▶ Your goal: Pictures excluded, return every entry exactly, please.

[Stored items]
────────────────────────────────────────

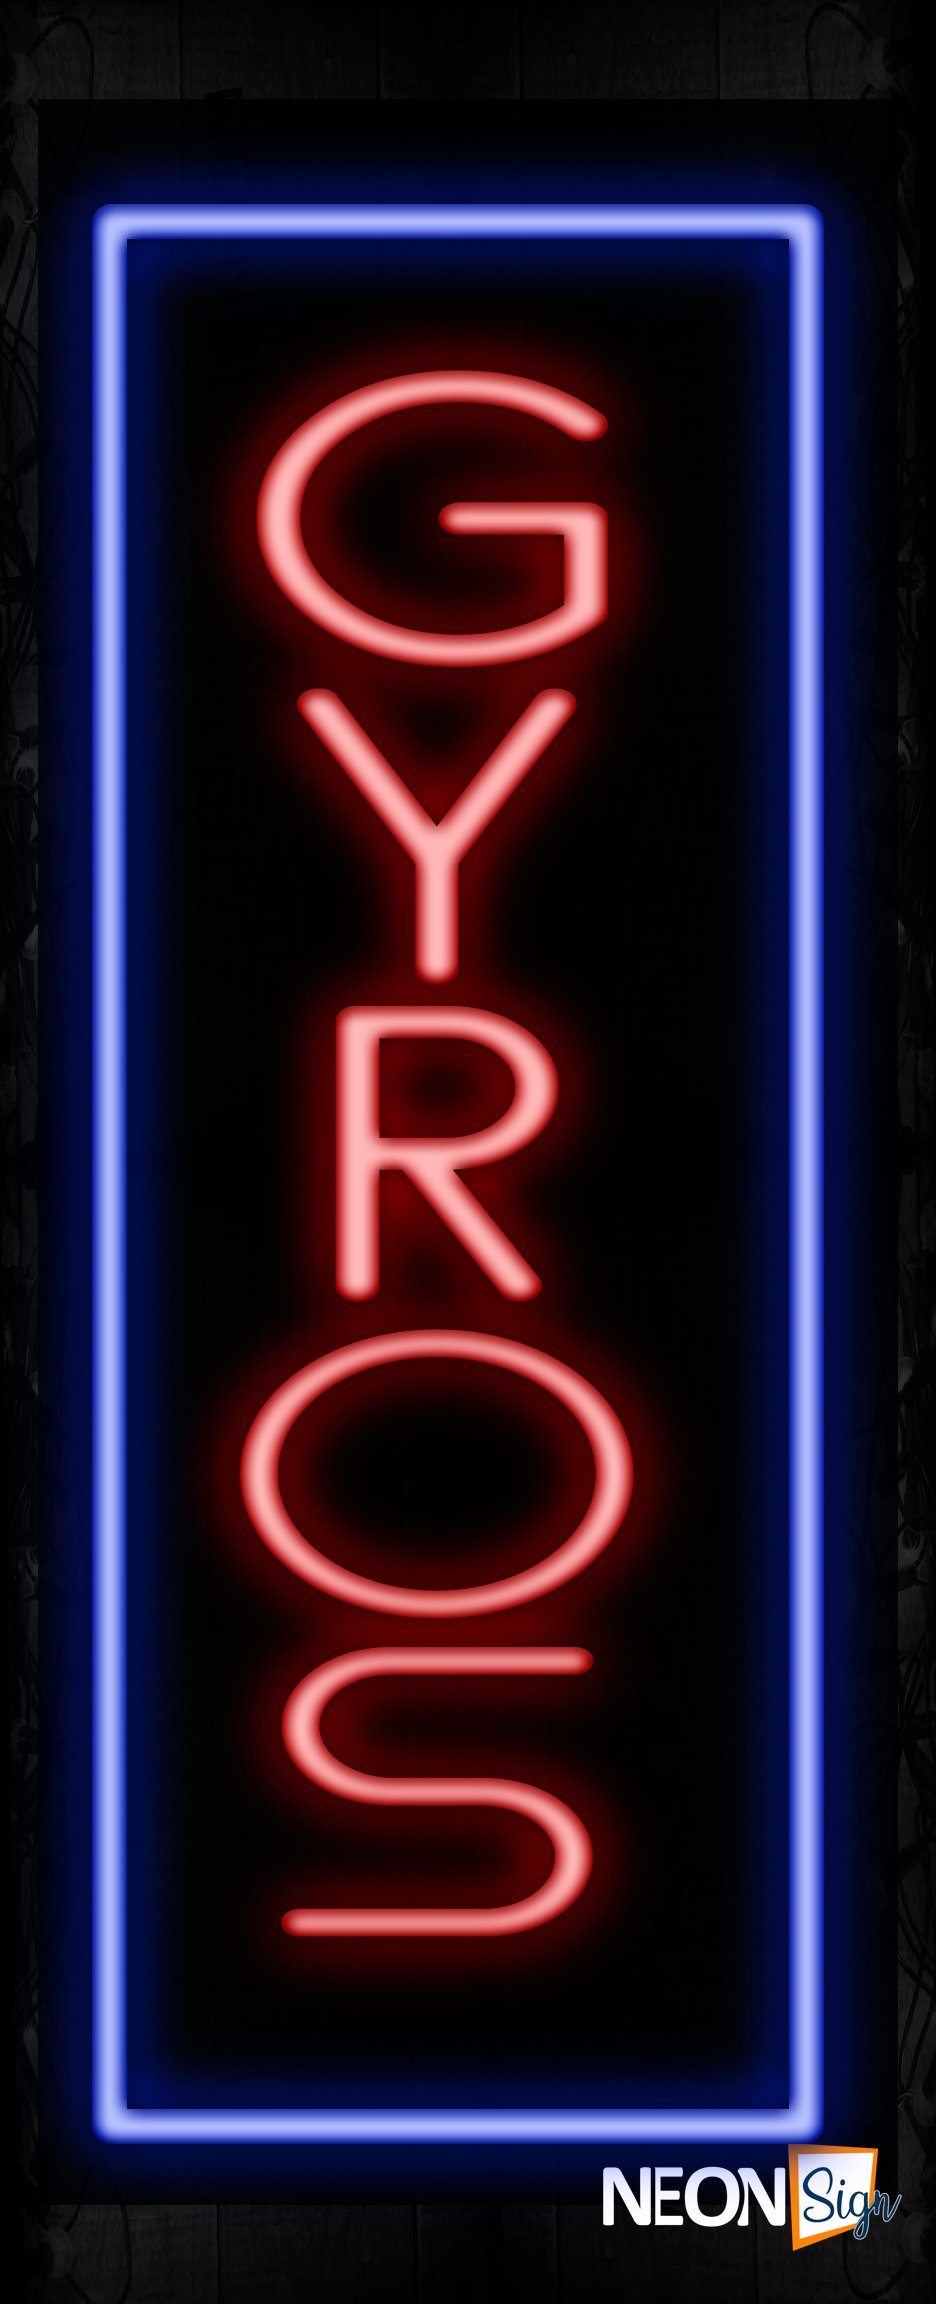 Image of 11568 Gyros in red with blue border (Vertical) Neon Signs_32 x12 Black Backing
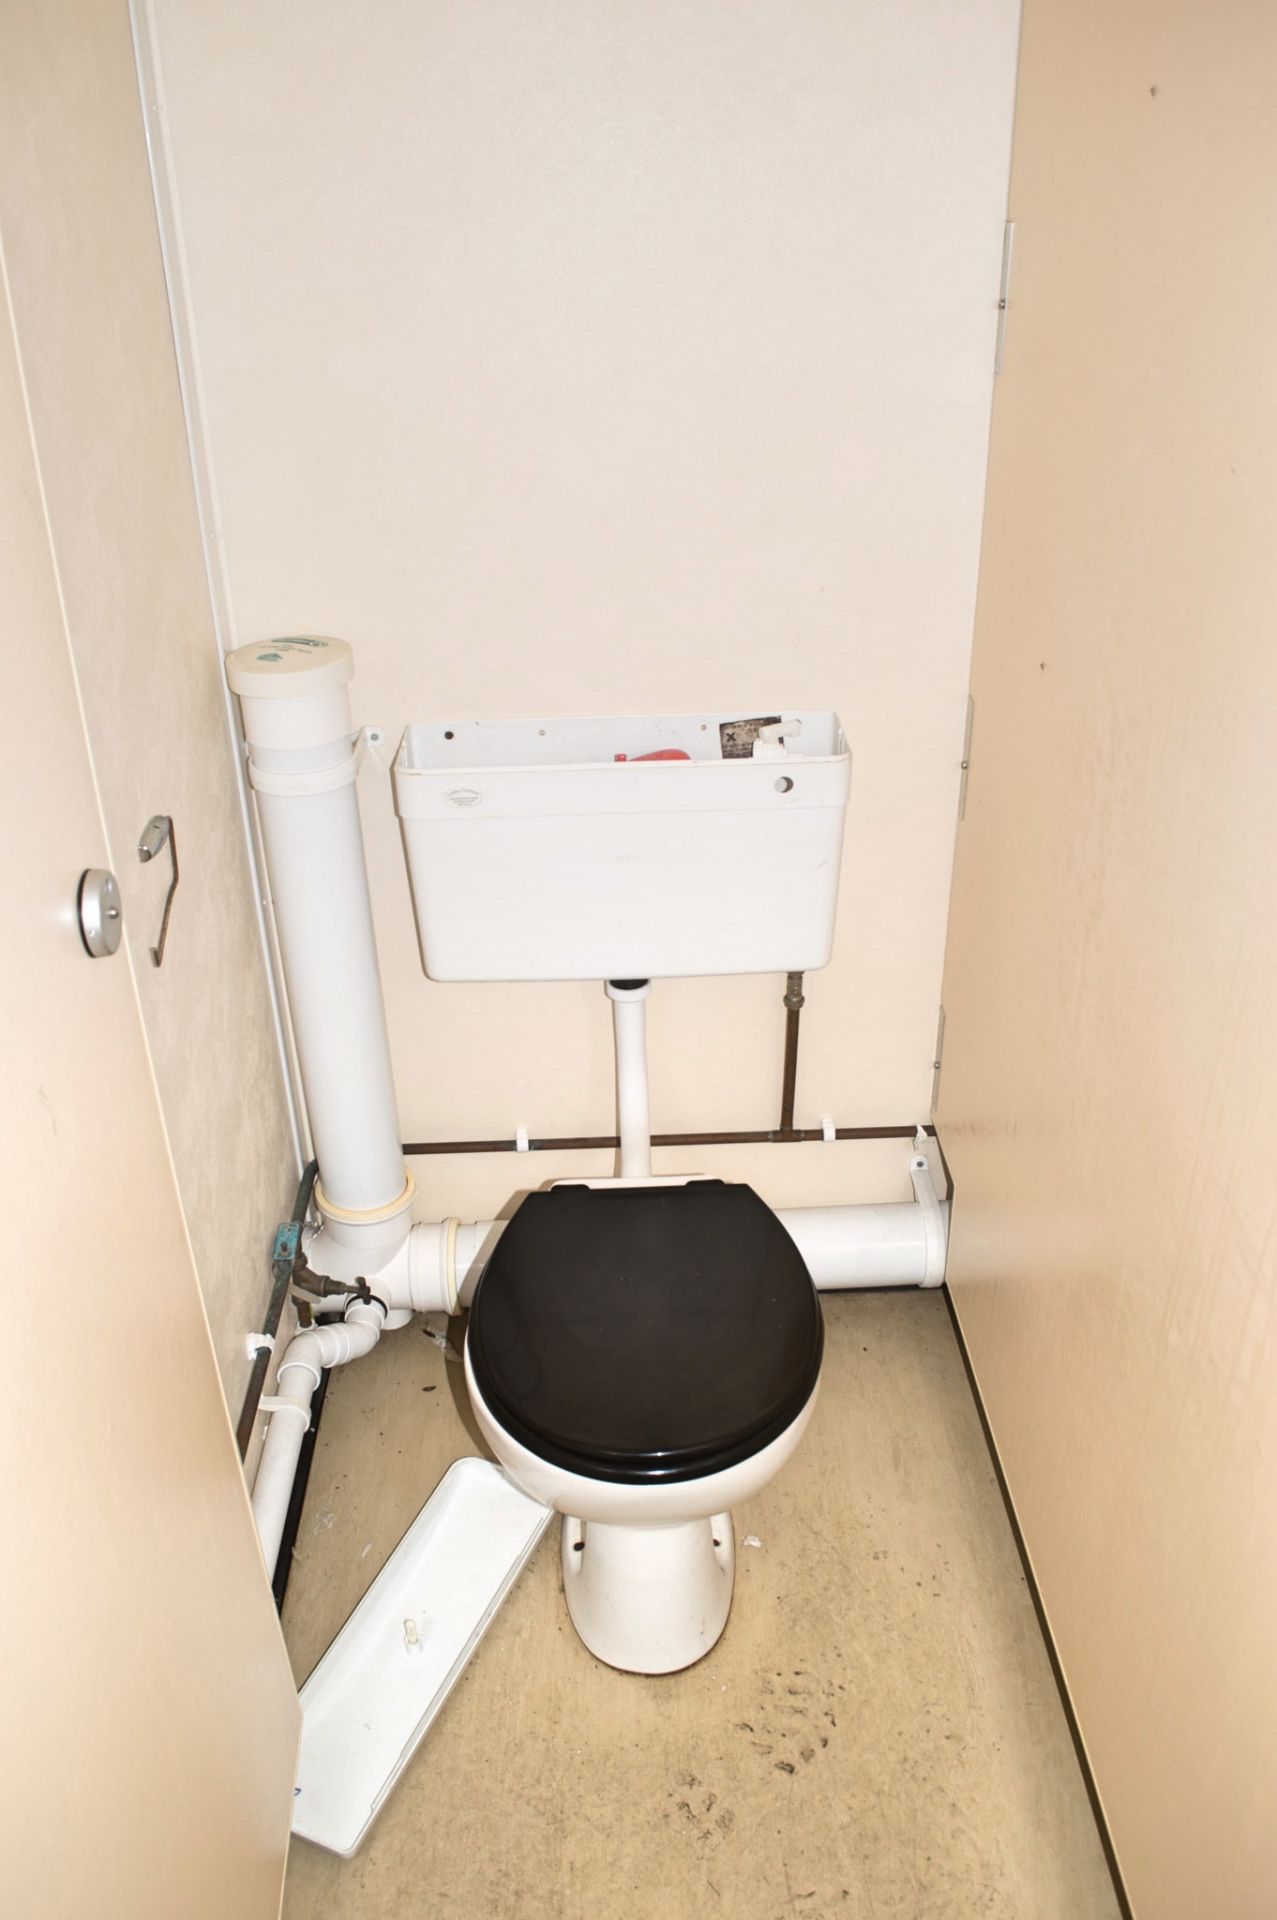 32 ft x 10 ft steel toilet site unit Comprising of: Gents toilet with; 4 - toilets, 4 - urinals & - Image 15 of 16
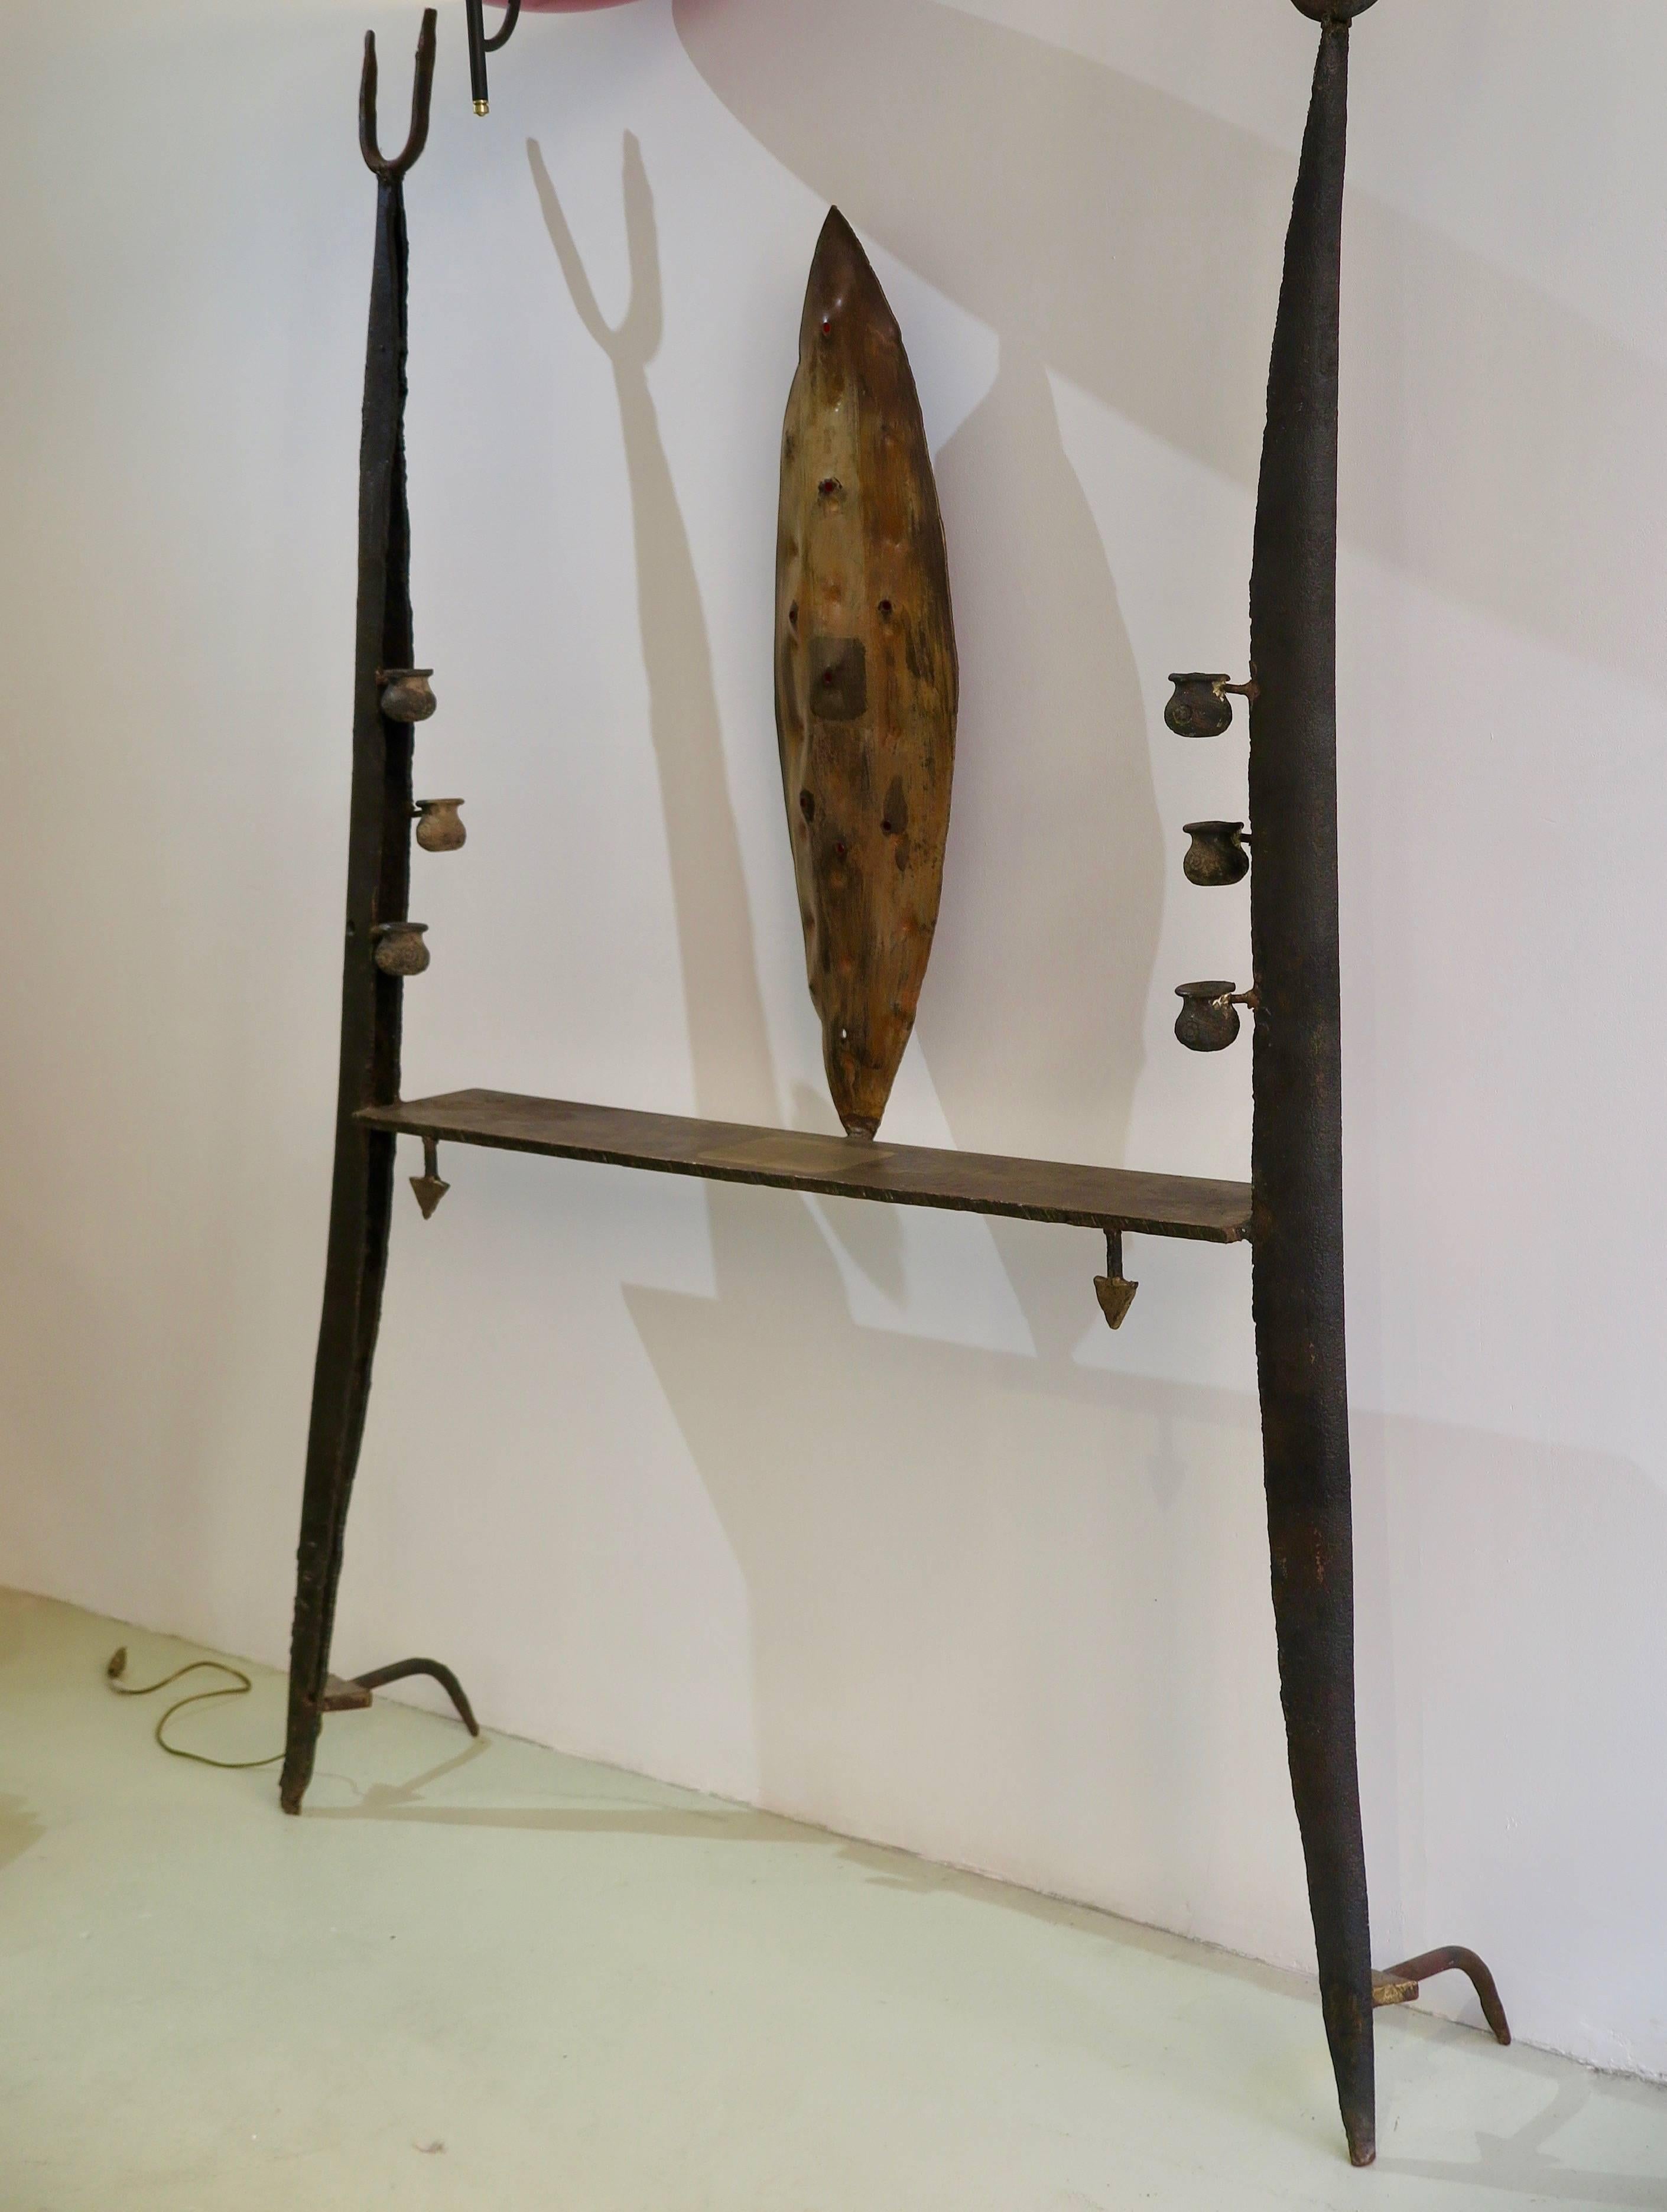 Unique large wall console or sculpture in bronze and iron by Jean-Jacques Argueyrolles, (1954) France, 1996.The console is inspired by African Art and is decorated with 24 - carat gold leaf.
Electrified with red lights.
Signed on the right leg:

────────────────────────────────────────

▶ Reply:
 Image of 11568 Gyros in red with blue border (Vertical) Neon Signs_32 x12 Black Backing
 32 ft x 10 ft steel toilet site unit Comprising of: Gents toilet with; 4 - toilets, 4 - urinals & - Image 15 of 16
 Unique large wall console or sculpture in bronze and iron by Jean-Jacques Argueyrolles, (1954) France, 1996.The console is inspired by African Art and is decorated with 24 - carat gold leaf.
Electrified with red lights.
Signed on the right leg:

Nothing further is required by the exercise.